A 4.5 percent mortgage rate means nothing for a person without a job, and unemployment is increasing alarmingly.
Still, the housing industry likes the sound of the plan, reportedly being pushed by Treasury Secretary Henry M. Paulson Jr., that would cut rates to 4.5 percent. The experts have already calculated results.
"We predict that it will immediately sell 500,000 houses," said National Association of Realtors spokesman Walt Molony, speaking for the 1.26-million-member group.
The scope of the problem? There are 4.3 million existing homes for sale nationally, 48,000 of them in the eight-county Philadelphia region.
Last week, the Fed said it would lower borrowing costs for buyers by assuming $600 billion in debt issued or backed by Fannie Mae and Freddie Mac. That resulted in an almost-immediate fixed-rate decline of 43 basis points.
Even the 5.53 percent 30-year fixed rate that Freddie Mac reported yesterday - down almost a percentage point since the last week of October, according to Freddie Mac chief economist Frank Nothaft - has been enough to increase refinancing and bump up home sales slightly.

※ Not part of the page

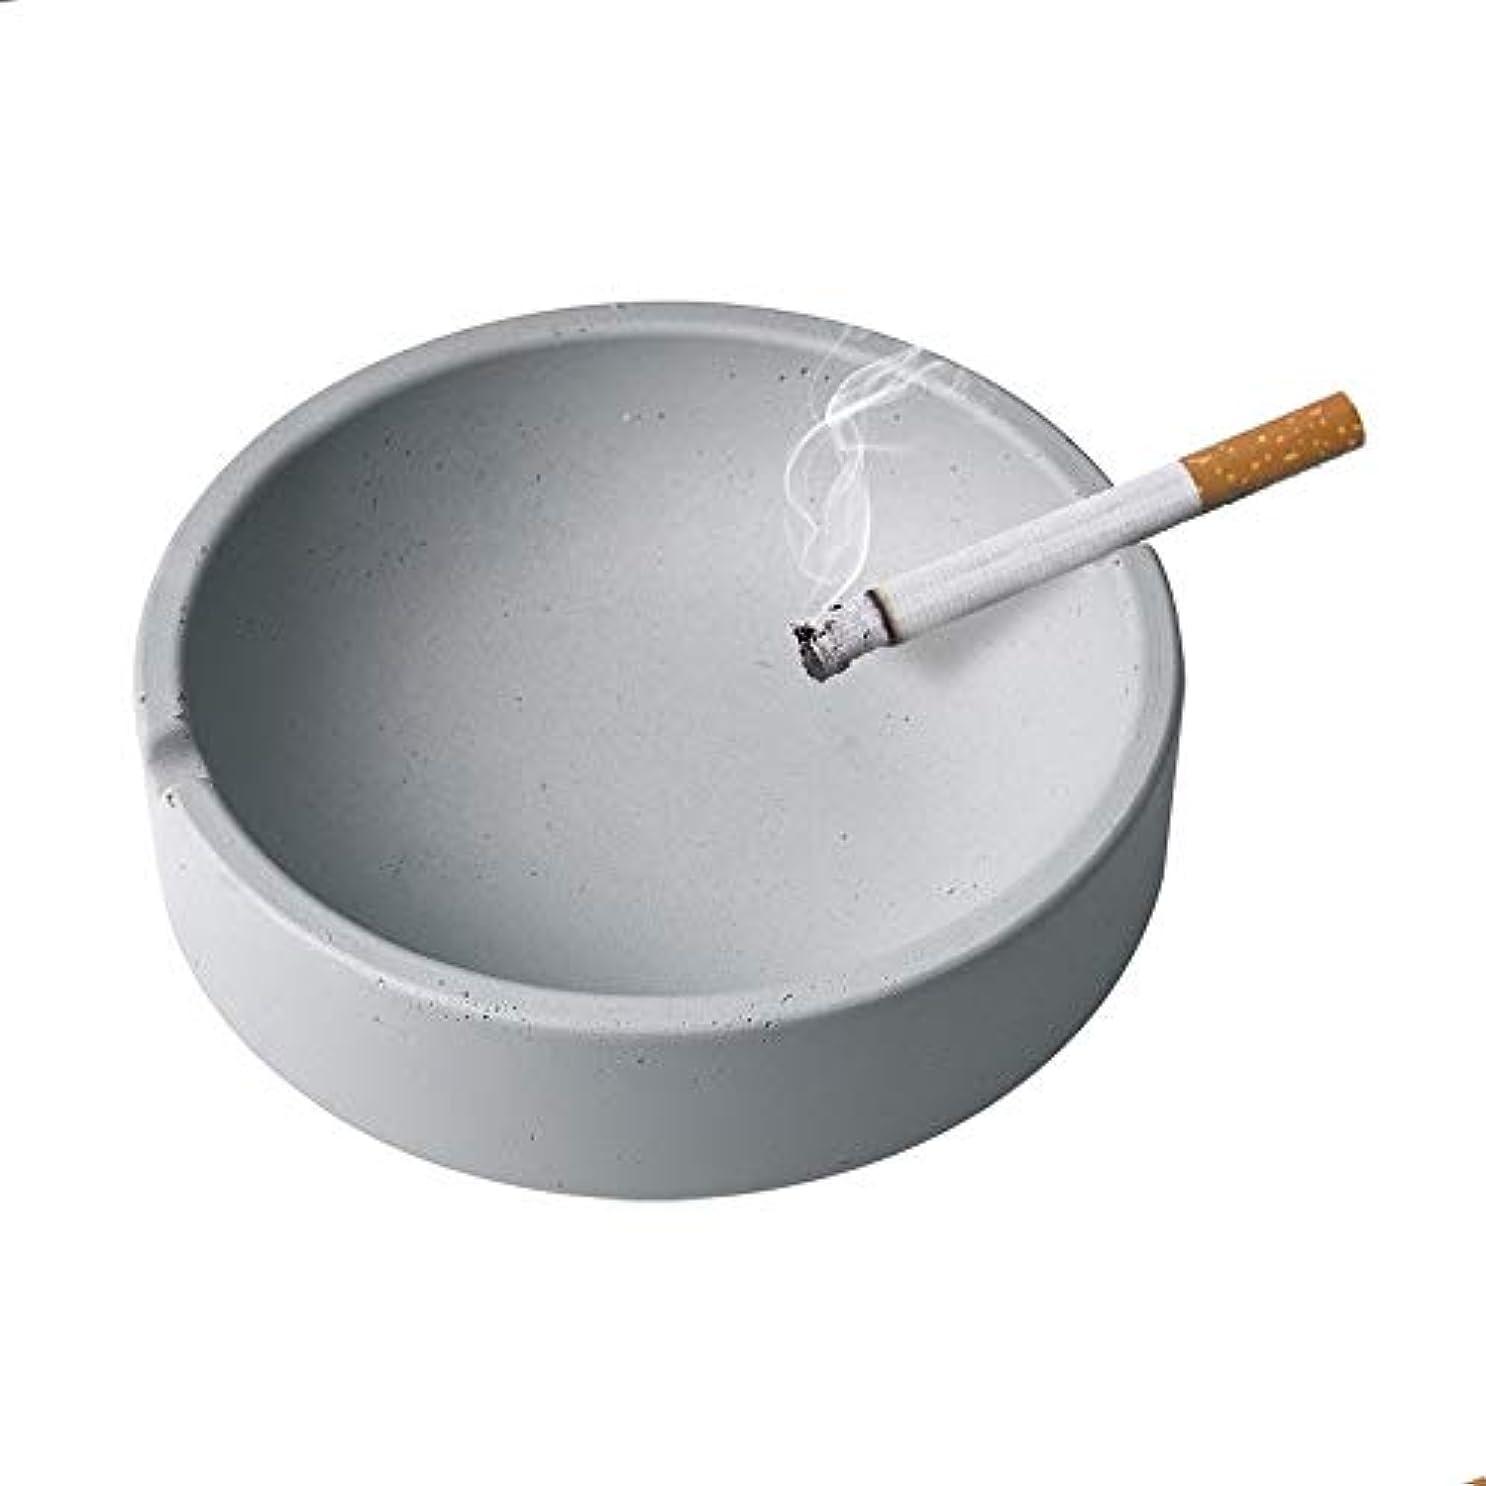 意義勇者慣性屋内または屋外での使用のためのタバコの灰皿、喫煙者のための灰ホルダー、ホームオフィスの装飾のためのデスクトップの喫煙灰皿

Conventional mortgage applications jumped 150 percent nationally over Thanksgiving week, and refinances surged 300 percent.
"Roughly three out of four mortgage applications were for refinance transactions, up from around half during the prior week," Nothaft said.
Refinancings have been increasing in the region since last week, although tighter credit rules in effect since the subprime meltdown in August 2007 have limited the effects.
"We had a nice surge of refinances on Tuesday and Wednesday [last week]," said Jim Goldsmith, branch manager of Gateway Funding in Horsham. "We typically track rates for past clients and notify them when a rate drop makes refinancing beneficial. Several applied right away."